Personal information
- Full name: Thomas Brent Weekley
- Nickname: Boo
- Born: July 23, 1973 (age 52) Milton, Florida, U.S.
- Height: 6 ft 0 in (1.83 m)
- Weight: 210 lb (95 kg; 15 st)
- Sporting nationality: United States
- Residence: Jay, Florida, U.S.
- Partner: Susan Matthews Harp

Career
- College: Abraham Baldwin Agricultural College
- Turned professional: 1997
- Current tour: PGA Tour Champions
- Former tours: PGA Tour Korn Ferry Tour European Tour
- Professional wins: 4
- Highest ranking: 23 (April 20, 2008)

Number of wins by tour
- PGA Tour: 3
- PGA Tour Champions: 1

Best results in major championships
- Masters Tournament: T20: 2008
- PGA Championship: T9: 2007
- U.S. Open: T26: 2007, 2008
- The Open Championship: T13: 2009

= Boo Weekley =

American professional golfer (born 1973)

Thomas Brent "Boo" Weekley (born July 23, 1973) is an American professional golfer who plays on the PGA Tour.

==Biography==
Born in Milton, Florida, Weekley turned professional in 1997 and played on mini-tours until 2002, when he qualified for the PGA Tour. He made the cut in only five of 24 events that year, and lost his tour card. From 2003 through 2006, he played on the Nationwide Tour, finishing well enough in 2006 to again qualify for the PGA Tour. His first victory came at the Verizon Heritage in April 2007.

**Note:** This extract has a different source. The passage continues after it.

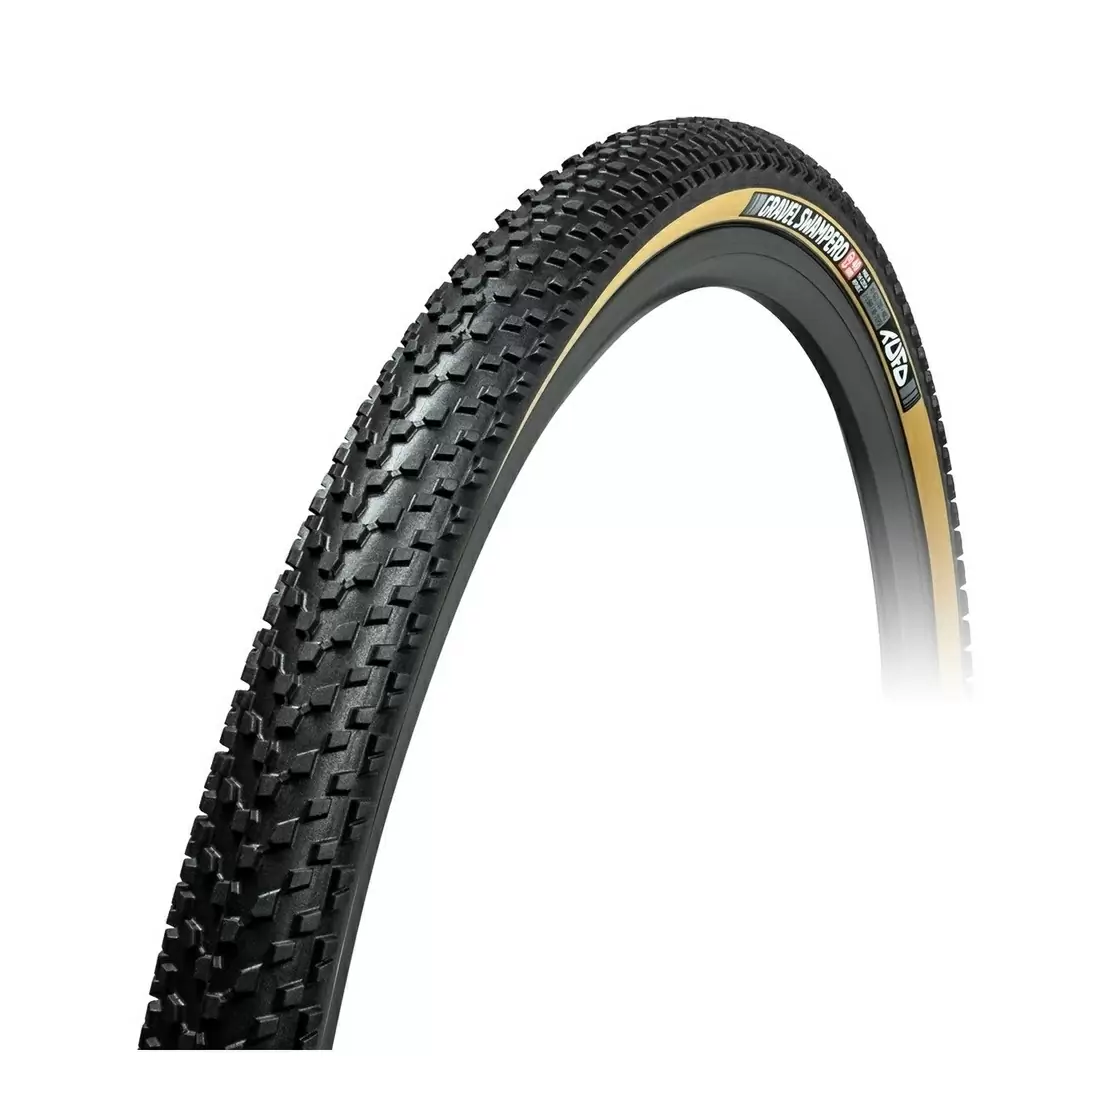 Swampero Tubeless Gravel-Cyclocross Tyre 700x40 Black/Para - image

Weekley's good form at the start of the 2007 season included two top 10 finishes before his victory, after which he reached a new career high of 55 in the Official World Golf Rankings. Later in 2007, he entered the top 50 of the rankings. He represented the United States at the 2007 Omega Mission Hills World Cup with Heath Slocum and finished in 2nd place.

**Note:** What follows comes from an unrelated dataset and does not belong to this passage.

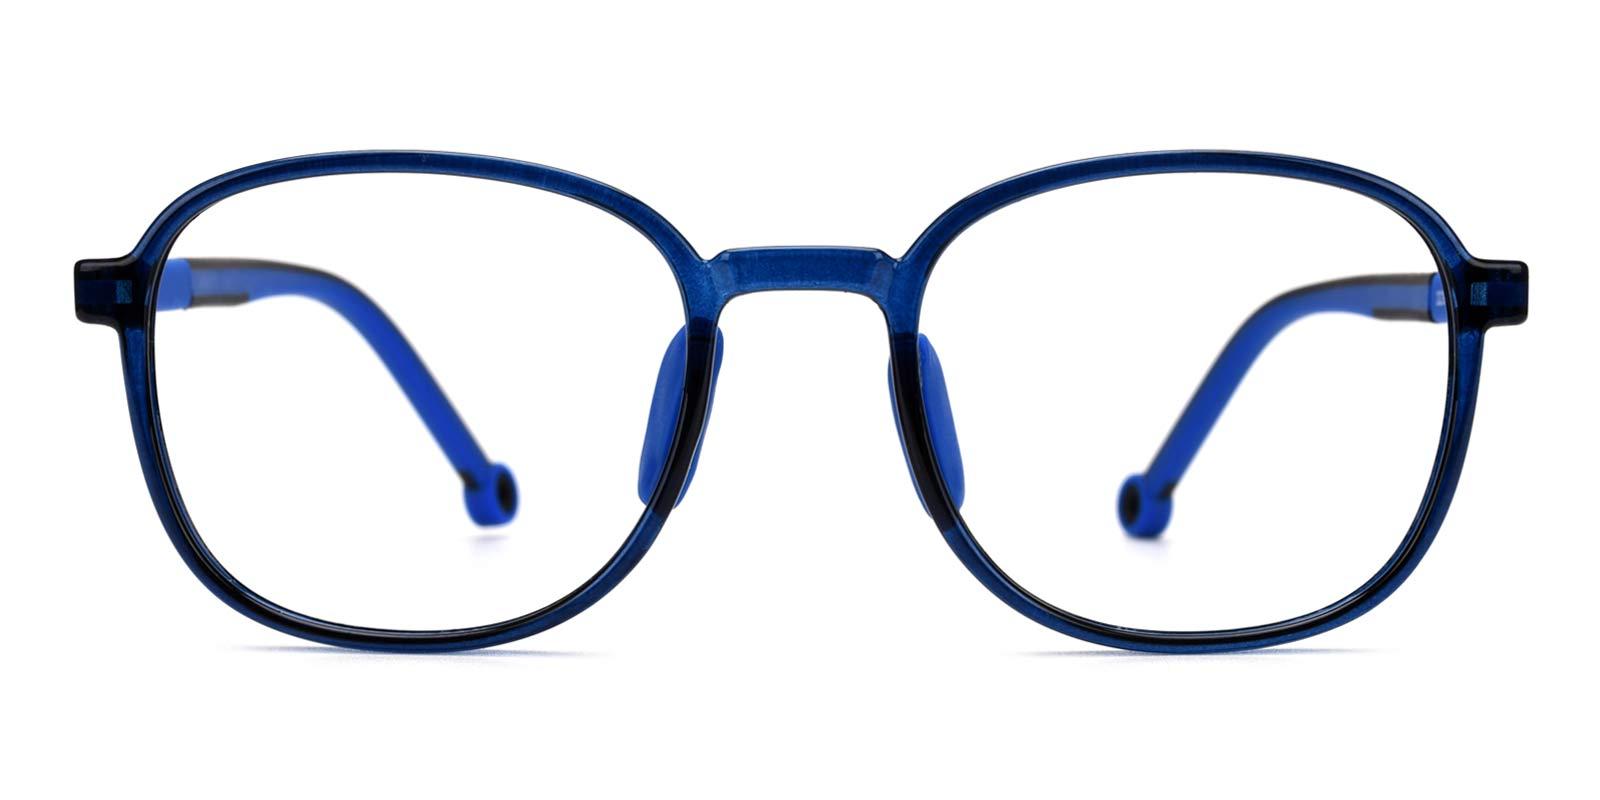 Warren-Translucent-Rectangle / Round-TR-Eyeglasses-detail

In 2008, Weekley successfully defended his title at the Verizon Heritage, and rose into the top 25 of the rankings. Weekley shot to prominence at the 2008 Ryder Cup, with a succession of virtuoso displays of superb golf including an emphatic 4&2 victory over Oliver Wilson in final day Singles play. The final day was also notable however when Weekley was filmed riding his driver "cowboy horse" style down the first fairway.

Weekley's nickname comes from Yogi Bear's sidekick, Boo Boo Bear.

He attended Milton High School and then Abraham Baldwin Agricultural College where he studied turfgrass science. After only one year at ABAC, where he played on the golf team, Weekley returned home. He was hired as a hydroblaster at the Monsanto chemical plant in Pensacola, Fla. where he would be lowered into large ammonia tanks to clean them.

Weekley began his professional career on the Developmental Players Tour (DP Tour) in Atlanta, Ga., a tour co-founded by Jack Slocum, father of fellow PGA golfer and friend Heath Slocum. Weekley attended high school with Slocum and they played together on the golf team. He lists Ben Hogan as his hero. In May 2013, Weekley won the Crowne Plaza Invitational at Colonial in Fort Worth, Texas. Weekley beat Matt Kuchar by one stroke to take his first win in five years.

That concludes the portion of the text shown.